From: becker@super.org (Donald J. Becker) Subject: Re: HD Bad Sectors Date: Tue, 16 Feb 1993 02:00:30 GMT
In article <C2I2G5.M8H@nmrdc1.nmrdc.nnmc.navy.mil> dsc3pzp@nmrdc1.nmrdc.nnmc.navy.mil (Philip Perucci) writes:
>In article <40947@sophia.inria.fr> vasselle@aragorn.inria.fr (Bruno Vasselle) writes:
>>
>> I've got troubles with sectors I've marked "bad" when I formated
>>my hard disk at a low-level. It seems that linux tries to read/write on them,
>>even if it recognizes them as bad sectors (error 0x80).
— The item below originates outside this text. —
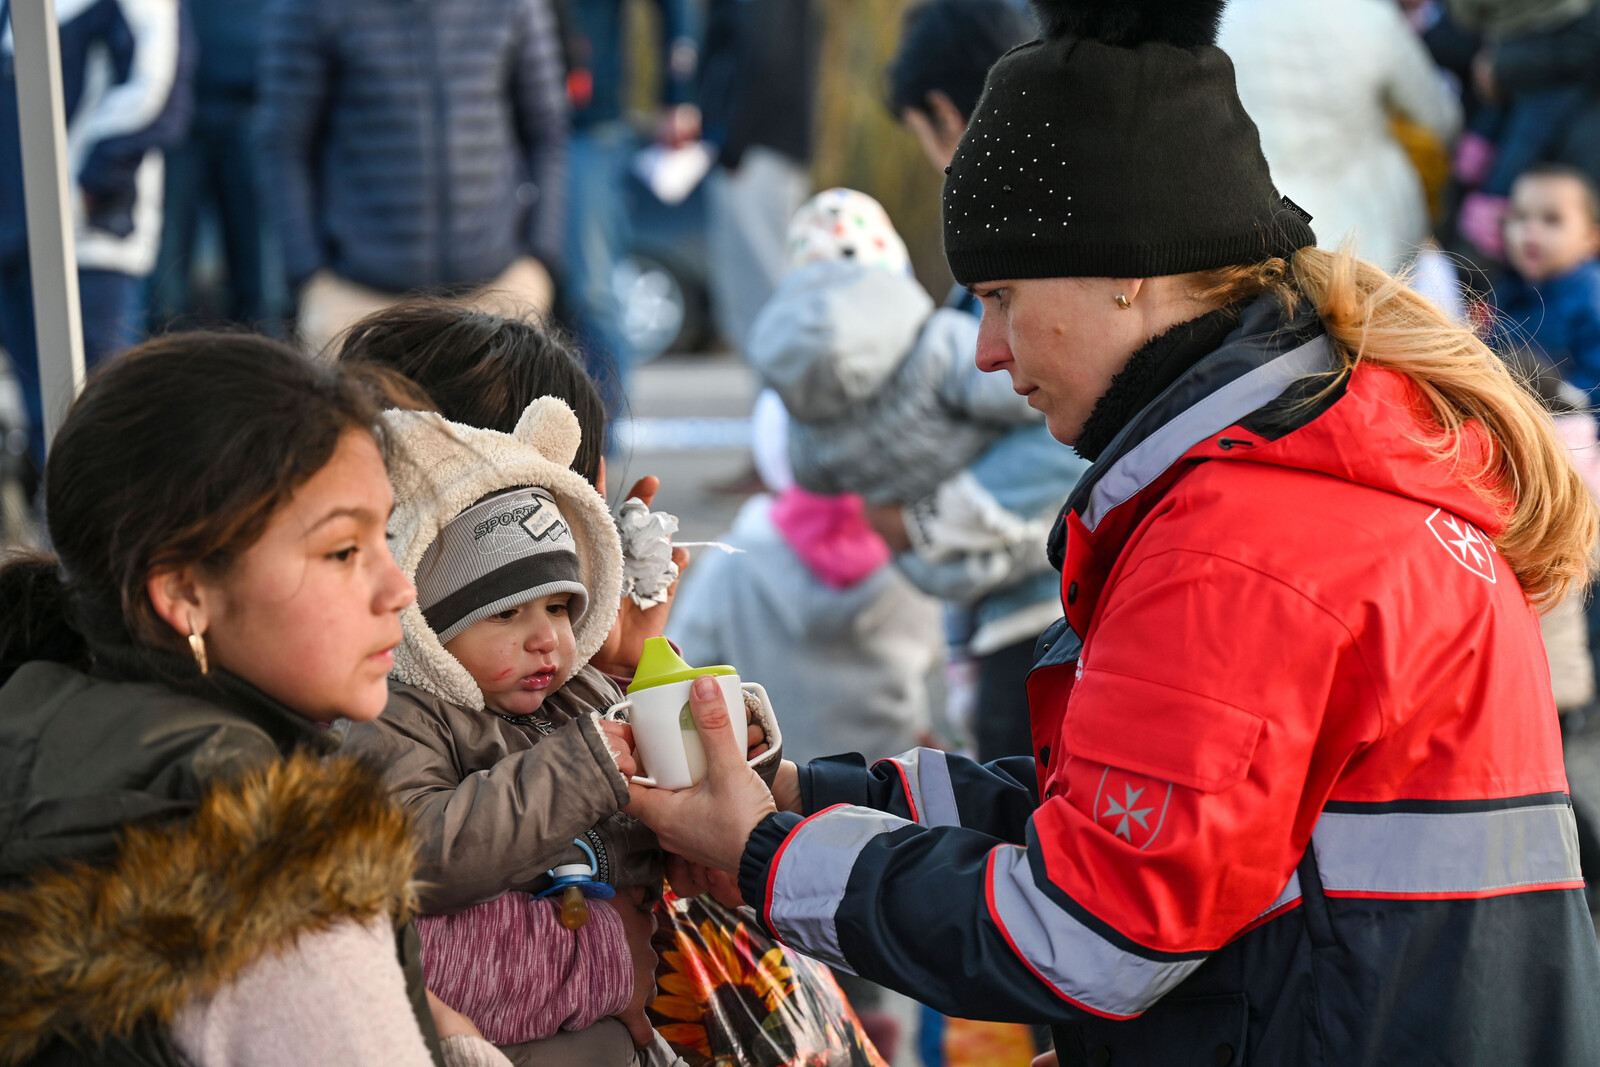 Ungarische Malteser versorgen Geflüchtete in Beregsurany an der ukrainischen Grenze

I think someone has
>>remarked the problem in this newsgroup a few days ago, but I didn't see any
>>response.
>>...
>For poor-folk like us with MFM/RLL/ESDI drives, this is DEFINATELY an issue.
>The trick is to first produce a list of bad blocks in a form suitable
>for "mkfs -l". "mkfs -c" won't do it for us. I am going to try and
>write a utility to automate this. Maybe...
I think writing such a utility is a poor solution. I can see the
advantage in something like:
collect_bad_blocks /dev/hda2 | mk*fs -l - /dev/hda2
but if the current mechanism is a good one (and in this case it seem
to be somewhat better), you should fix that instead.
I recently ran into this problem (mk*fs -c failing to collect the bad
blocks using the 0.99.4 kernel) myself. The solution was upgrading to a
0.99.5 kernel. While this may be difficult for people trying to use
the current SLS distribution (which uses 0.99.4), the solution is to
wait for the fix to filter through the "system", or find someone that
will make a new a1 disk for you.
Making a new 'a1' disk is easy if you can already make a kernel. Set
ROOTDEV=/dev/fd0 and RAMDISK=-DRAMDISK=688 in the top-level Makefile,
and copy the resulting kernel onto a disk already written with SLS/a1.